Что касается главного - сильного вожделения сейчас в Дхаме. Это особенность Вриндавана - все выходит наружу и усиливается, хотя Вы думали, что этого у меня нет, или меня это не беспокоит. Именно по этому во Вриндаван рекомендуется приезжать после того как духовная жизнь уже становится устойчивой и появляется вкус к ней. Вриндаван - это очень ответственно.
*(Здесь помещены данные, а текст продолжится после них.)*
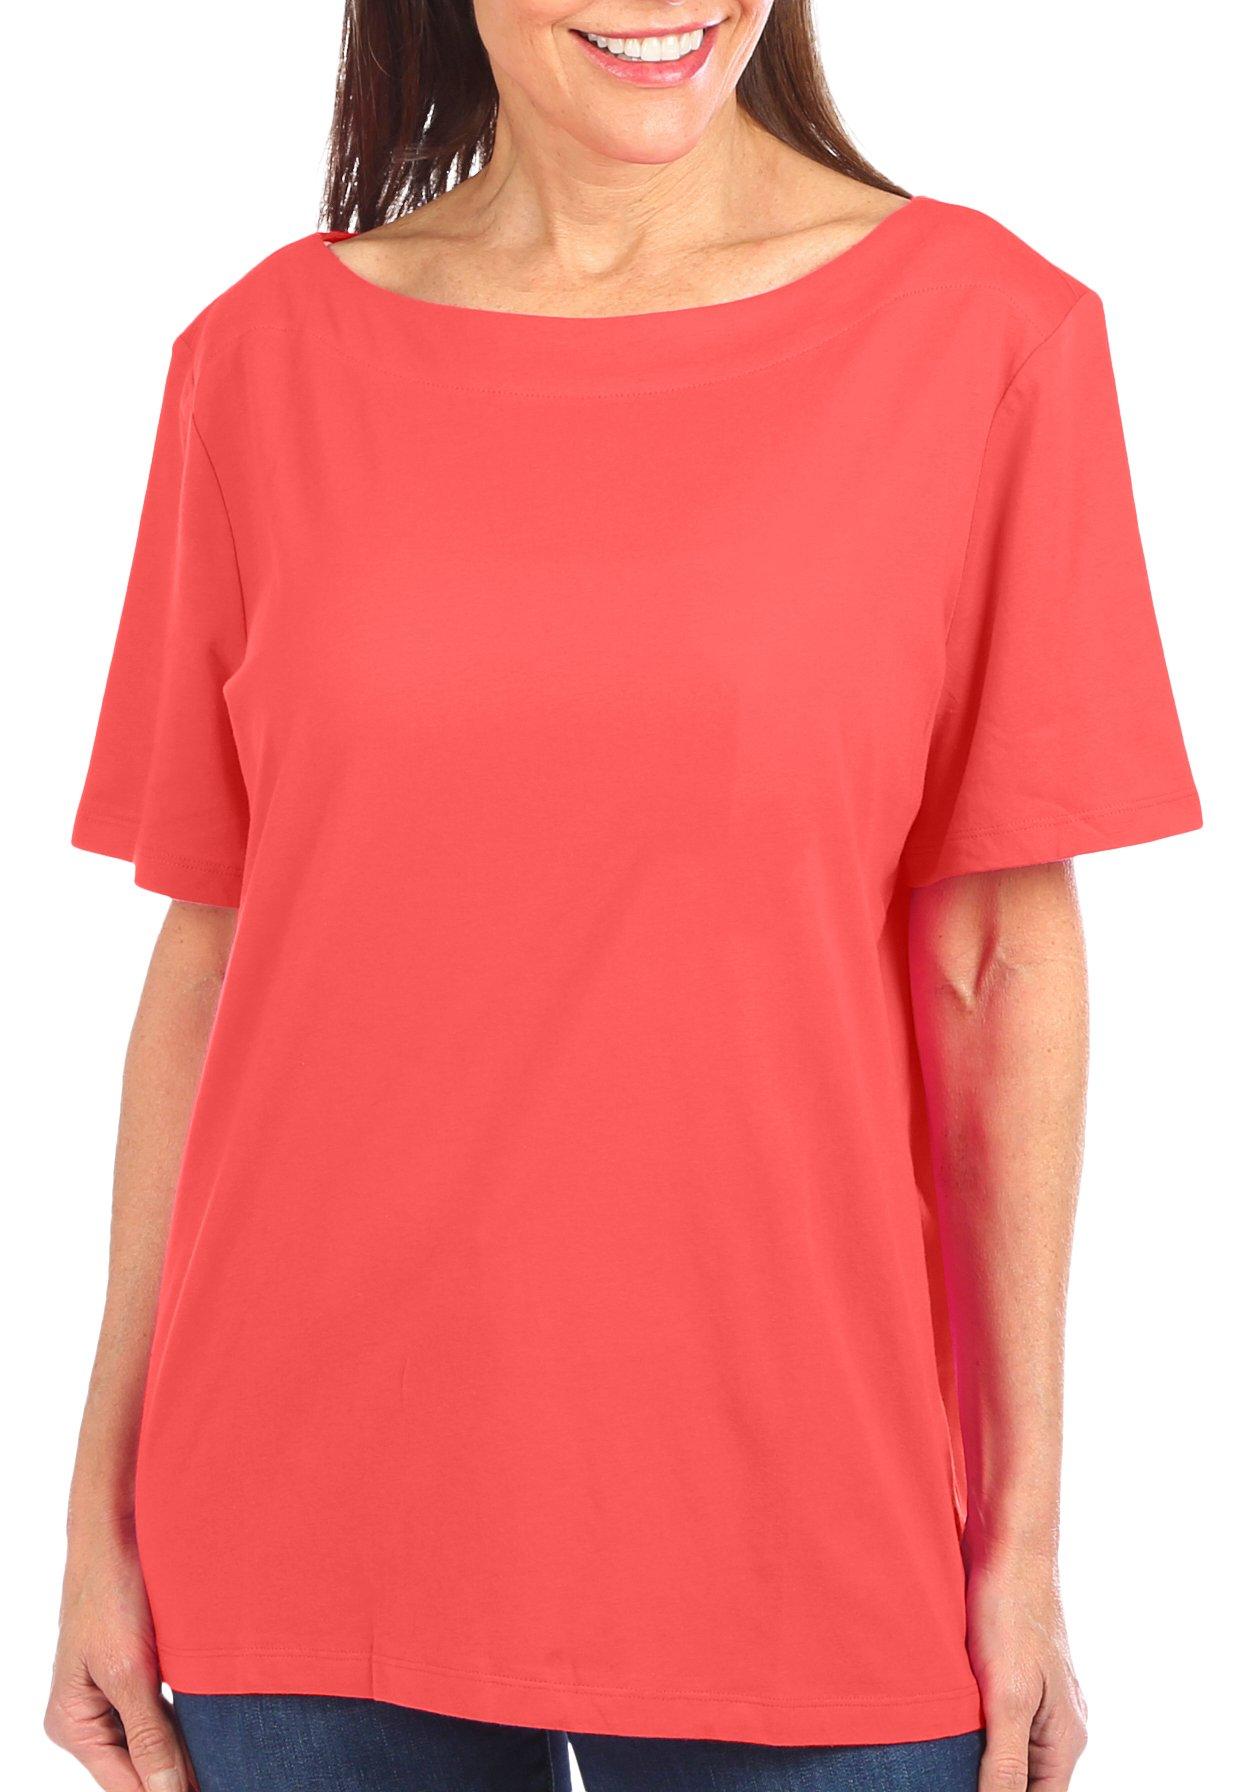 Petite Solid Boat Neck Short Sleeve Top

Поэтому, еще - терпите это чувство. Терпите, служите преданным, смиренно молитесь, подольше стойте и молитесь перед Божествами во всех Храмах, побольше слушайте и воспевайте на киртанах, а главное - ПРИМИТЕ СЕБЯ ТАКИМ И НЕ ОСКОРБЛЯЙТЕ СЕБЯ, А СКАЖИТЕ - ДА, ЕСТЬ ТАКАЯ ЗАДАЧА У МЕНЯ  - НУЖНО ПРОТИВОСТОЯТЬ ВОЖДЕЛЕНИЮ, ЧТО ЖЕ, БУДУ РЕШИТЕЛЬНО ДЕЙСТВОВАТЬ, БУДУ СТАРАТЬСЯ! И КОНЕЧНО БУДУ , ДУМАТЬ О ТОМ, ЧТО ВОЗМОЖНО МНЕ НУЖНО СТАТЬ ХОРОШИМ ГРИХАСТКОЙ!
Так же Вам необходимо иметь хороших друзей - преданных, тех, кто может Вам помочь в трудную минуту и поддержать, когда Вам трудно. Вообщем необходимо хорошее общение. Это важно.
Наверное это пока все, если почувствуете необходимость - напишите как Вы ощущаете то, что я написал. Что у Вас изменилось. Есть ли у Вас вопросы, что нужно обсудить еще?
Я желаю Вам успеха на духовном пути и будьте счастливы!

----------